What a Descriptor Is
A descriptor is any object that defines at least one of three methods: __get__, __set__, or __delete__. That is it. When an attribute lookup finds one of these objects sitting in a class's __dict__, Python hands control over to the descriptor instead of returning the object directly.
The minimal descriptor looks like this:
class MyDescriptor:
def __get__(self, obj, objtype=None):
print(f"__get__ called: obj={obj}, objtype={objtype}")
return 42
class MyClass:
attr = MyDescriptor()
instance = MyClass()
instance.attr # prints: __get__ called: obj=<MyClass ...>, objtype=<class 'MyClass'>
MyClass.attr # prints: __get__ called: obj=None, objtype=<class 'MyClass'>
When obj is None, the descriptor is being accessed from the class itself, not an instance. This distinction matters and you will use it constantly when writing real descriptors.
Data Descriptors vs Non-Data Descriptors
This split is the most important thing to understand about how descriptors interact with instance __dict__.
A data descriptor defines both __get__ and __set__ (or __delete__). It takes priority over the instance's own __dict__. You cannot shadow it by doing instance.attr = something because __set__ intercepts the assignment.

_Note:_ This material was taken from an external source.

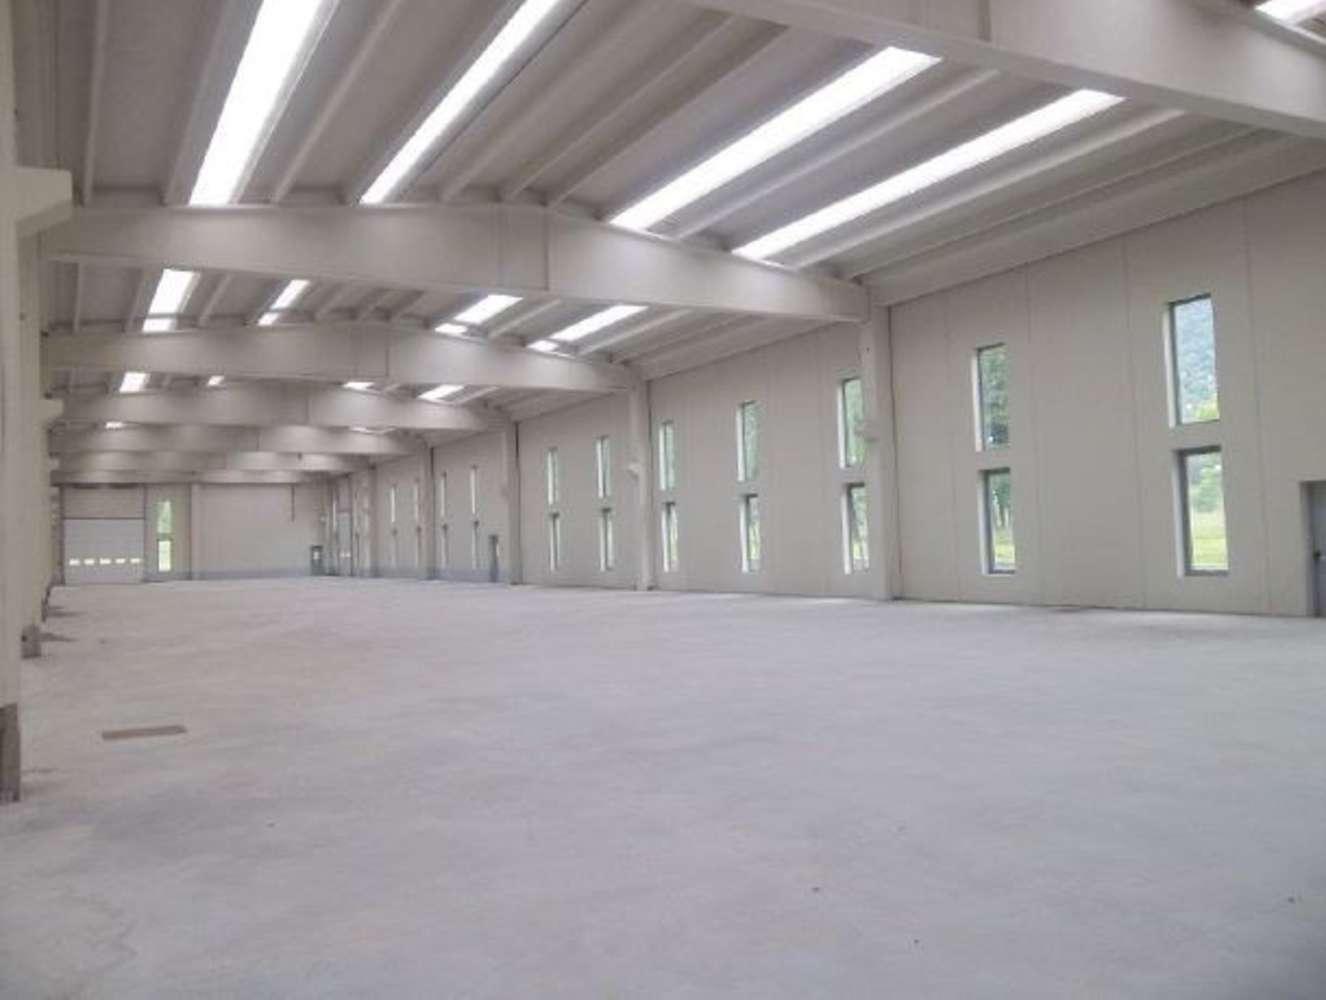 Magazzini industriali e logistici Issogne, 11020 - Capannoni logistici e uffici Aosta

A non-data descriptor defines only __get__. The instance's __dict__ takes priority over it. If you assign to instance.attr, Python just stores the value in the instance dictionary and the descriptor is no longer called for that instance.

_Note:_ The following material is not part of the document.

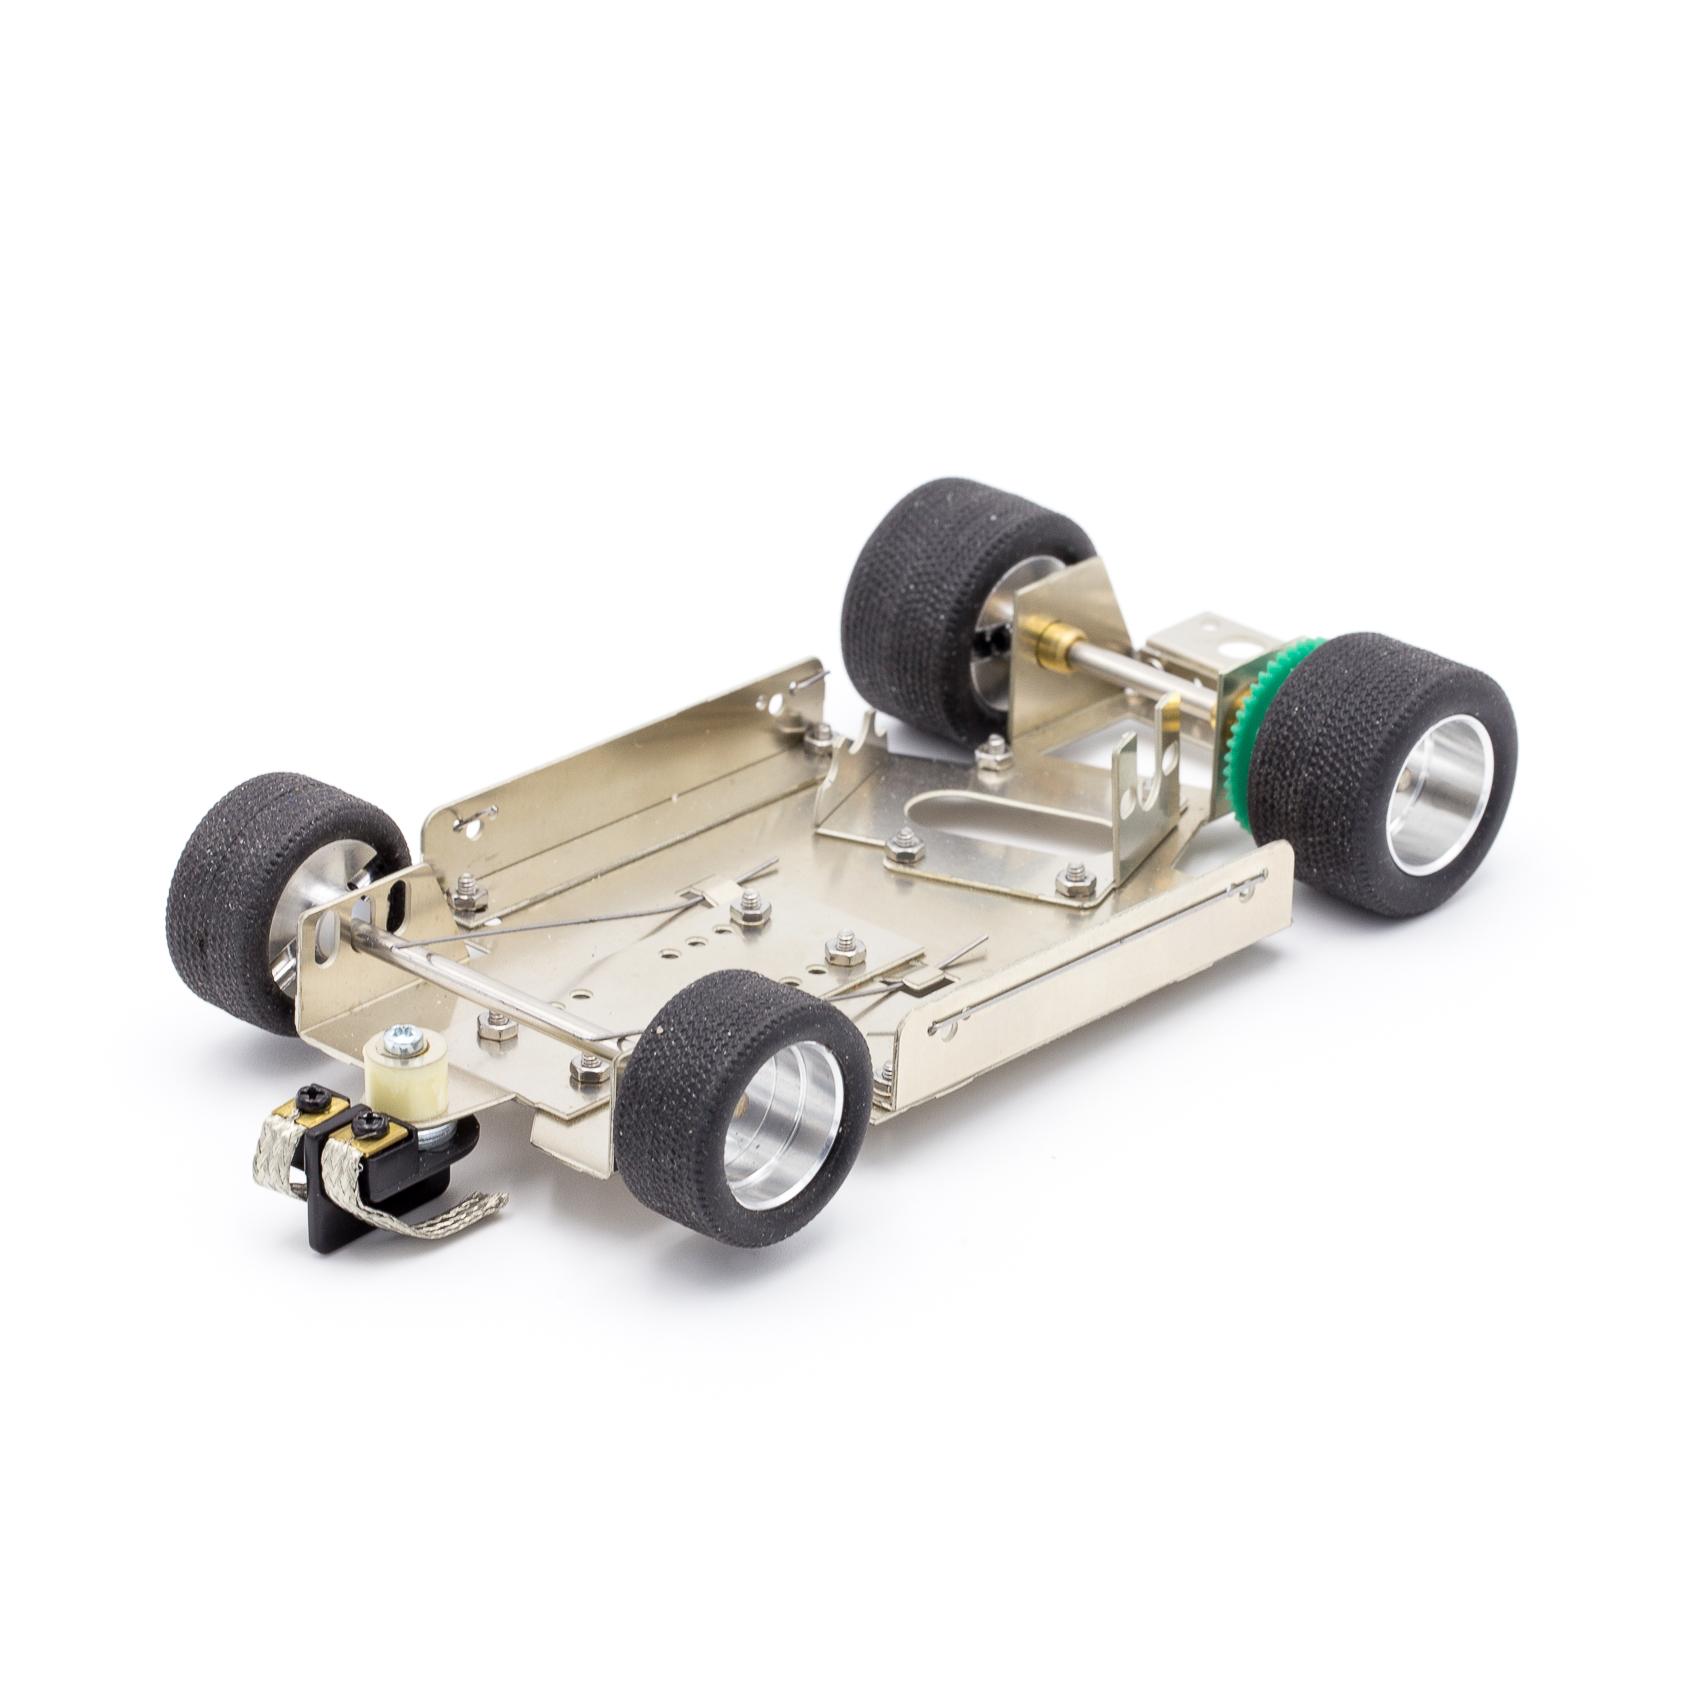 https://www.orlandinifrancesco.com/wp/wp-content/uploads/2019/06/Telaio-Slot-Car-Nurburgring-1-24-Montato-1.jpg

The lookup order for instance.attr is:
- Data descriptors from the class (and its MRO)
- Instance
__dict__ - Non-data descriptors and other class attributes
This ordering is not arbitrary. It is what makes @property work correctly. A property is a data descriptor because it defines __set__ (even if you only define a getter, the setter raises AttributeError), so it cannot be overridden by instance assignment. Functions, on the other hand, are non-data descriptors, which is why you can shadow a method by assigning to an instance attribute of the same name.

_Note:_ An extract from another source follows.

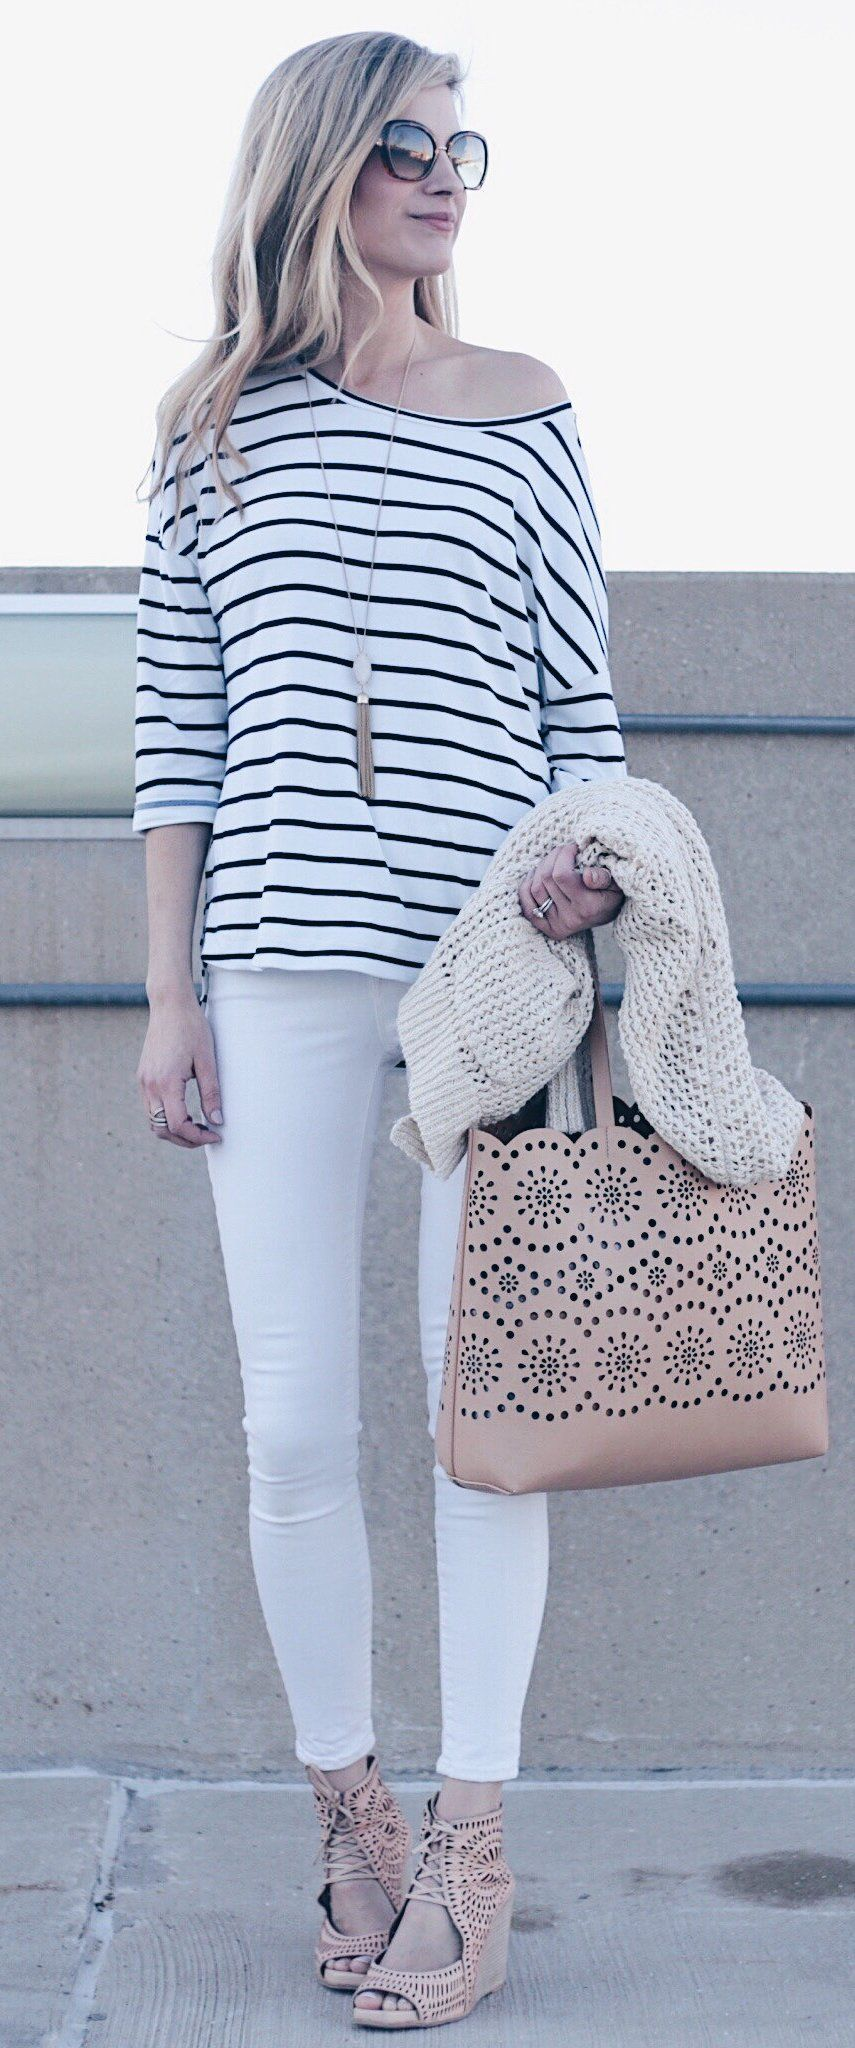 113272e574f76 White Striped Top   White Skinny Jeans   Beige Printed Tote Bag

How Functions Become Methods
This is the part that clicks everything together. In Python, a plain function is a non-data descriptor. It only defines __get__. When you access a function through an instance, __get__ is called, and it returns a bound method object that already has the instance baked in as the first argument.
def greet(self):
return f"Hello from {self}"
class Person:
greet = greet
p = Person()
# These are equivalent
p.greet()
Person.greet(p)
# What actually happens
bound_method = Person.__dict__['greet'].__get__(p, Person)
bound_method()
function.__get__(instance, owner) returns a MethodType object that wraps the function and the instance together. There is no magic beyond this. The entire method binding mechanism in Python is the descriptor protocol applied to plain functions.
You can verify this:
print(type(greet)) # <class 'function'>
print(greet.__get__) # <method-wrapper '__get__' of function object at ...>
print(type(p.greet)) # <class 'method'>
Writing a Real Descriptor: Typed Attributes
Here is where descriptors become practically useful. Suppose you want class attributes that enforce a type at assignment time without cluttering __init__ with validation logic.
class Typed:
def __set_name__(self, owner, name):
self.name = name
self.private_name = f"_{name}"
def __get__(self, obj, objtype=None):
if obj is None:
return self
return getattr(obj, self.private_name, None)
def __set__(self, obj, value):
if not isinstance(value, self.expected_type):
raise TypeError(
f"{self.name} must be {self.expected_type.__name__}, "
f"got {type(value).__name__}"
)
setattr(obj, self.private_name, value)
class Integer(Typed):
expected_type = int
class String(Typed):
expected_type = str
class Person:
name = String()
age = Integer()
def __init__(self, name, age):
self.name = name
self.age = age
p = Person("Alice", 30) # works
p.age = "thirty" # raises TypeError: age must be int, got str
Notice __set_name__. This is a hook Python calls automatically when the class is created, passing the descriptor the owner class and the attribute name it was assigned to. Without it, the descriptor would not know its own name and you would have to pass it manually. It was added in Python 3.6 and makes descriptors significantly cleaner to write.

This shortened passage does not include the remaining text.